One trick I learn for sharpening is the marker trick, where you paint the entire bevel black before sharpening, and if you are sharpening at the right angle, the marked area should all be removed uniformly. Personally, I love the Spyderco double stuff(for the small circle technique), and the Eze-Lap model L is a great option as well.

comis is right, those pull through sharpeners are really hard on blades. Very rough scraping of steel on the edge leaved a damaged edge behind. Go free hand on some sort of flat stone or diamond hone or even a old fashioned silica stone from Norton sold at Home Depot or Lower. Anything but the pull through sharpeners.

And the Magic marker trick is good to keep an eye on what your doing as far as constant angle is being held. Consistency is more important than what exact angle is being held. Thats why I love the small circle method, once you start on that side, you don't break contact with the stone. After a while, your eye, hand and mind will automatically line up the right angle. Muscle memory. Just don't over think it.
 
Gr
comis is right, those pull through sharpeners are really hard on blades. Very rough scraping of steel on the edge leaved a damaged edge behind. Go free hand on some sort of flat stone or diamond hone or even a old fashioned silica stone from Norton sold at Home Depot or Lower. Anything but the pull through sharpeners.

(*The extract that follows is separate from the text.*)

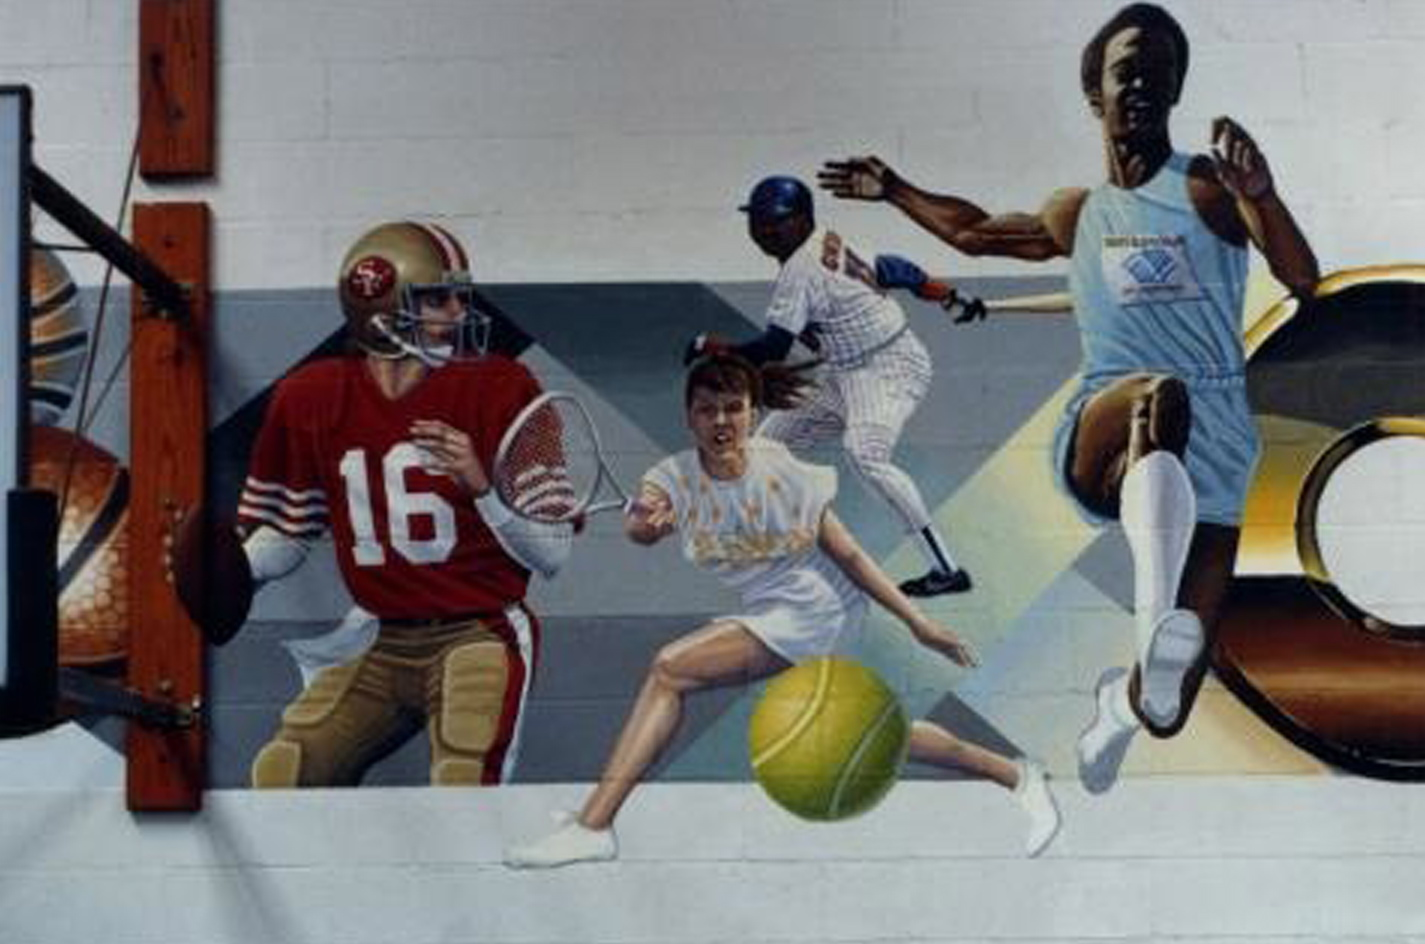 OBGC (gymnasium mural)

And the Magic marker trick is good to keep an eye on what your doing as far as constant angle is being held. Consistency is more important than what exact angle is being held. Thats why I love the small circle method, once you start on that side, you don't break contact with the stone. After a while, your eye, hand and mind will automatically line up the right angle. Muscle memory. Just don't over think it.


Great video!

Im going to put in a plug for the Worksharp guided field sharpener. $35 on Amazon. Portable and will handle all my needs. It sets in my home office/4 year old’s toy room and is used at least once a week. Typically just the strop portion. I have a lot of sharpening tools...way too many including a wicked edge which cost a fortune. The worksharp is pretty much all I use nowadays except for my really large knives.

I love the coffee mug and belt method. They work in a pinch and work well. They don’t work with super steels unless you have a couple weeks though. Which leads me to my rant against super steels. I fell into that trap once upon a time. I then realized I’d much rather have 1095 or Victorinox steel or Opinel’s steel (type escapes me for their SS although I prefer carbon) that I can sharpen in a flash. Who cares if I have to sharpen it once a week. I enjoy sharpening and it only takes a couple minutes. If you strop it every couple nights, you won’t even have to sharpen it once a week.
 
I second the Worksharp Field Sharpener! I just bought one earlier this week based on recommendations at BUSHCRAFTUSA forumites suggestions! Its AWESOME, even my 20y.o. son, who wasnt able to get blades sharp, could get “scarey sharp” edges on his knives after a few minutes of learning!

I bought mine at a local farm supply store, now my son wants to go back and buy one for himself.